Cities Skylines seems like the successor to SimCity, but even that has some deep-rooted flaws in traffic management and agent flow. Some mods exist to help coax it a bit, but it's still just a broken approach at scale.

Traffic and routing is hard, I get that, but there has to be a better way. Building a city around the routing flaws is not that much fun.

Cities Skylines can provide among the best city sim experiences to be had if you're willing to invest a day (or two) modding it to within inches of its life.

That and 32gb of RAM

Is there a list somewhere of "Essential" mods?
The CitiesSkylines subreddit has a list that contains (IMO) a good number of useful and essential mods.

Word of warning: if you're one of those people that likes to install a lot of mods keeping everything up to date and non-conflicting can be an pain the rear. There is, of course, a mod to keep track of which mods are out of date or could cause issues, but that's really a band-aid on top of a larger problem. The game is old enough now that many popular mod authors have long been abandoned their projects or otherwise moved on so you end up with things like "MyPopular Mod" and "MyPopular Mod UPTODATE" or "MyPopular Mod FORKED" or "Use this instead of MyPopular Mod".

If I take a few weeks / months between plays this usually ends up with me having to take 30 minutes to an hour to get the mods up to date and tested. Not a huge amount of time, but when your gaming time is limited it's something to take into account.

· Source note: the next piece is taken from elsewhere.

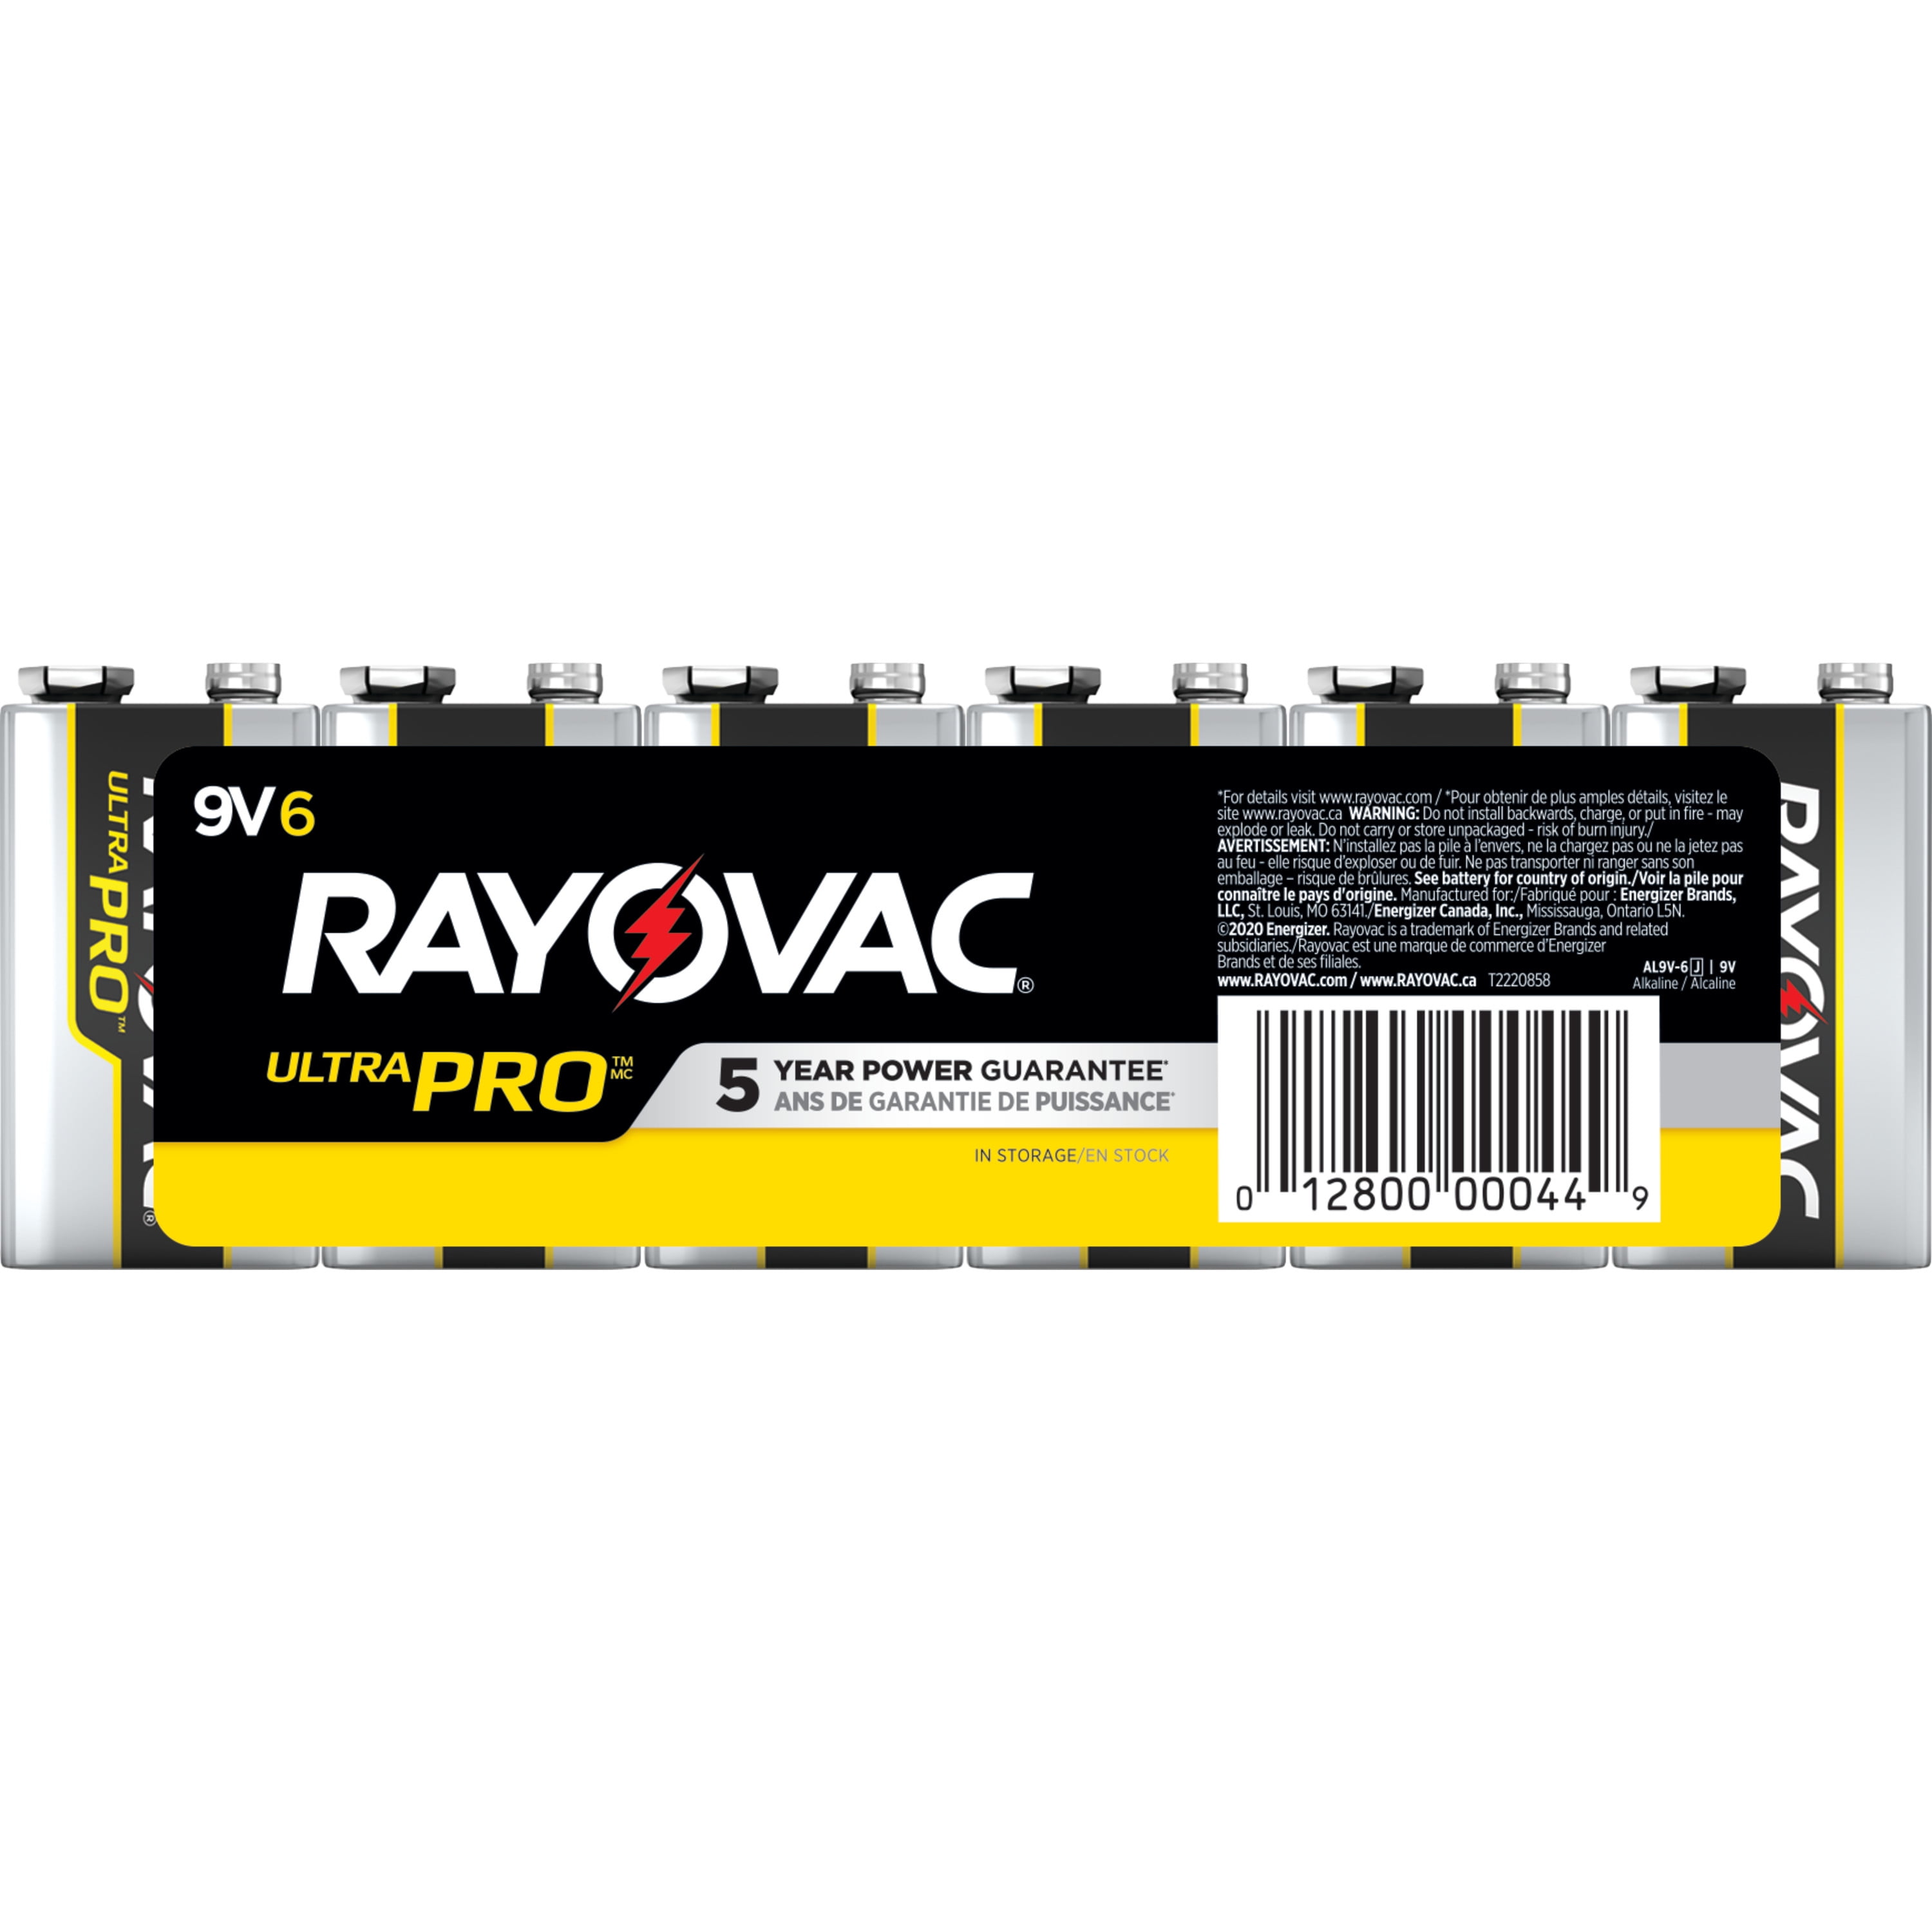 Ultra Pro Alkaline 9V Cell Batteries Rayovac 9V Batteries 6 Battery Count

You could just... not update every time you play ?
They still add updates to the game once or twice a year, so you usually want some of the new features. That can also lead to the issue of when you finally do decide to update 3 years later or whatever, now it's a 4 hour ordeal to fix instead of 30 minutes. There's no really perfect solution, but it's worth it if you love city builders.
Steam updates the game and mods automatically. It can be overridden but that's a pain in the behind.
If you don't mind video format, I like this person's guide. He also has a 2nd video with essential mods for "advanced" players.

https://youtu.be/Nr8Wlib4jqE

He also has some fun youtube series' where he builds up a region by following a "story" he makes up (or sometimes uses viewer polls). So rather than building a super optimized city, it gets a very natural layout as he pretends to play out rivalries between developers, mayoral or policy changes, etc.

Also I seem to remember something silly involving a nuclear meltdown if you don’t have enough educated workers or if they are stuck in traffic long enough (related to the aforementioned random house issue). I wonder if there has been any fan mods to fix the issues since then. I seem to recall they eventually added an offline mode. The always online requirement was a bit excessive and plagued with issues on launch.